In a brief address, published in Psychological Review in 1943, E. L. Thorndike attempts to acknowledge the contributions of William James to psychology. On the  first page of the article, he claims that the contribution is restricted to the Principles of Psychology. Whatever was published after 1890, Thorndike claims, was either a reformulation of what was already contained in the Principles or a contribution to philosophy. He then points out the one exception: The Varieties of Religious Experience (1902).

“Though treasured by all serious students of religion, this dealt with narrow problems of a specialized field. The influence of James on psychology means essentially the influence of the Principles of psychology.” (Thorndike, 1943, p.87)

This judgment is still with us as the dominant view of the contributions of James.

Before starting to discuss your work, let me begin on a more personal note. I’ve been reading “The Intellectual Life”, by Antonin Sertillanges (1920), after a friend recommended it to me. Among other things, I am taken by the conviction and confidence with which Sertillanges writes. When I shared this impression (mixed with a bit of envy) with my friend, he tried to explain to me some of the possible sources of this conviction. In addition to being a Dominican priest, Sertillanges stood within an immense intellectual tradition — with the central figure being Thomas Aquinas — who provided him with a collective narrative in addition to his own personal life history. Laying claim to that tradition was most likely a major source of conviction and confidence.

When you — reflecting on William James — refer to religious experiences, I think of the role of such collective cultural edifices to which Sertillanges had a clear and strong access. Or perhaps I should say edifices on which he relied and through which he navigated. I’m going to stay with this phrase “cultural edifice” because it opens up useful analogies. A physical edifice, such as the building in which I am at this moment, serves many functions. It can be a frame of reference — I am sitting in my office on the third floor of the building, next to several other Psychology offices. I know where I am, in relation to (and thanks to) the building coordinates. Further, the building is support — the floors under me prevent me from falling down and the ceiling above me protects me from the heavy rain. It can be structure and constraint — the walls prevent me and my colleagues from walking/looking into each others’ offices. Aren’t cultural edifices similar? Don’t they provide a frame of reference, support, structure, and constraint? A cultural edifice is, among other things, a system of propositions. A proposition affords belief, but it also affords support for further beliefs (by implications), similar to how the floor under me supports standing. I think this is in line with your Gibsonian reading of Varieties. What I became aware of while reading your paper is the inevitable consequences of such a cultural edifice in terms of sensory and affective experience, given that these are essential attributes of any experience.
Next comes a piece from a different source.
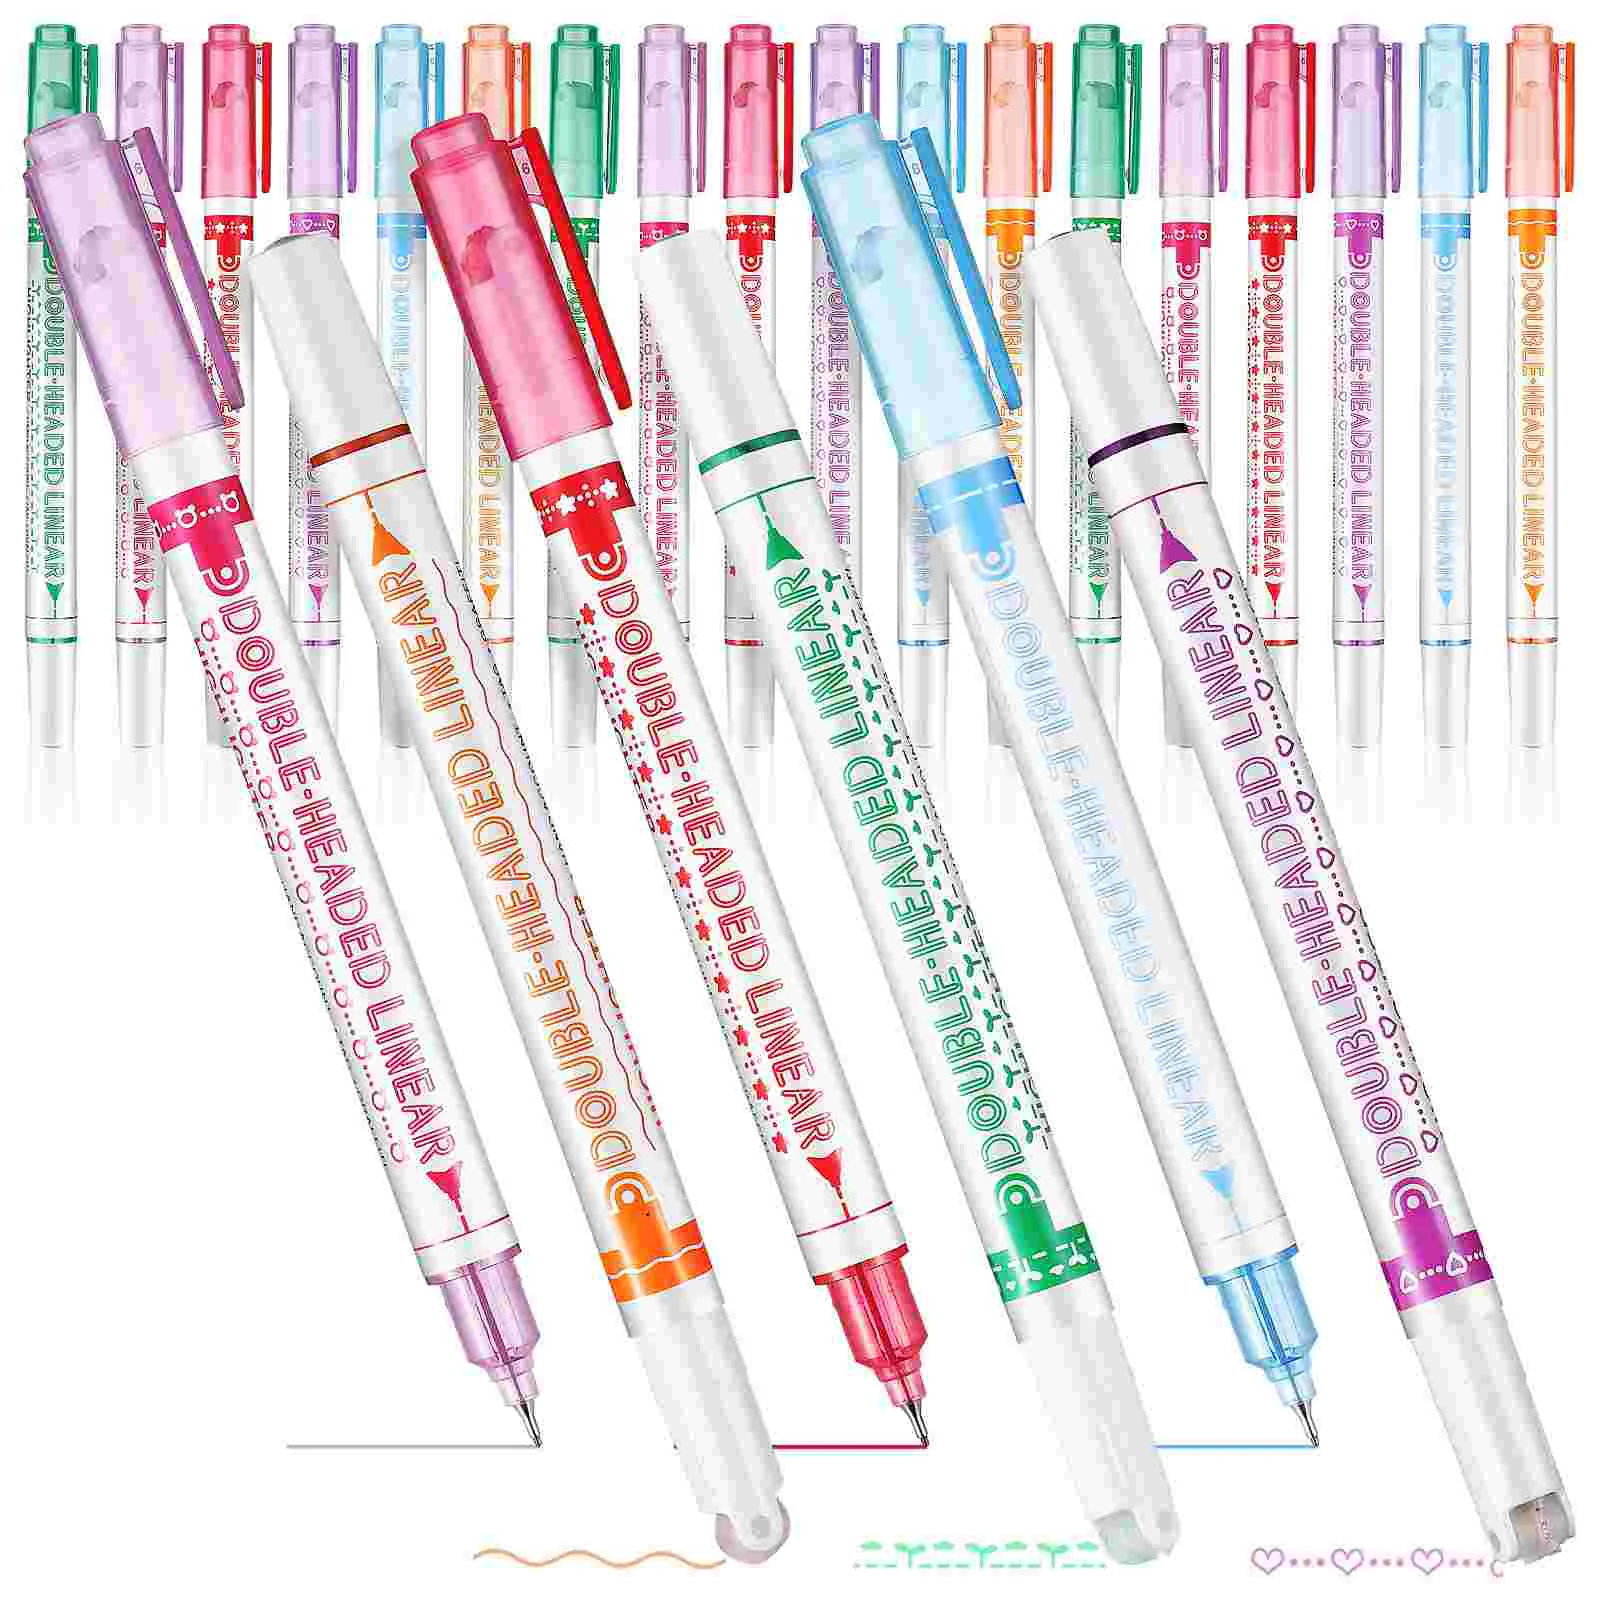 

24 шт. двухсторонний хайлайтер, детские ручки для рукоделия, стильные бумажные хайлайтеры разных цветов, пластиковый набор для учеников

Even though those edifices themselves do not possess sensory and affective qualities, they provide support for experiencing such qualities.

While reading, I kept wondering: Should a psychologist sidestep the question of ontology when it comes to the topic of religion? Is it possible to sidestep the question? Categories of experience take their distinctions in part on the basis of our shared inter-subjective reality. Concepts such as paranoia and hallucination can help emphasize this point. And yet, we also cannot refute the sense/reference distinction (Frege). So perhaps religious experience is something we ought to explore in the sense of an experienced event, as opposed to the event itself (reference). Going back to my example of a physical edifice, perhaps it’s more important to discuss how I think of/use the building, how I actualize the potentials in the building (or the potentials that arise from myself and the building), rather than stressing the nature of the building itself.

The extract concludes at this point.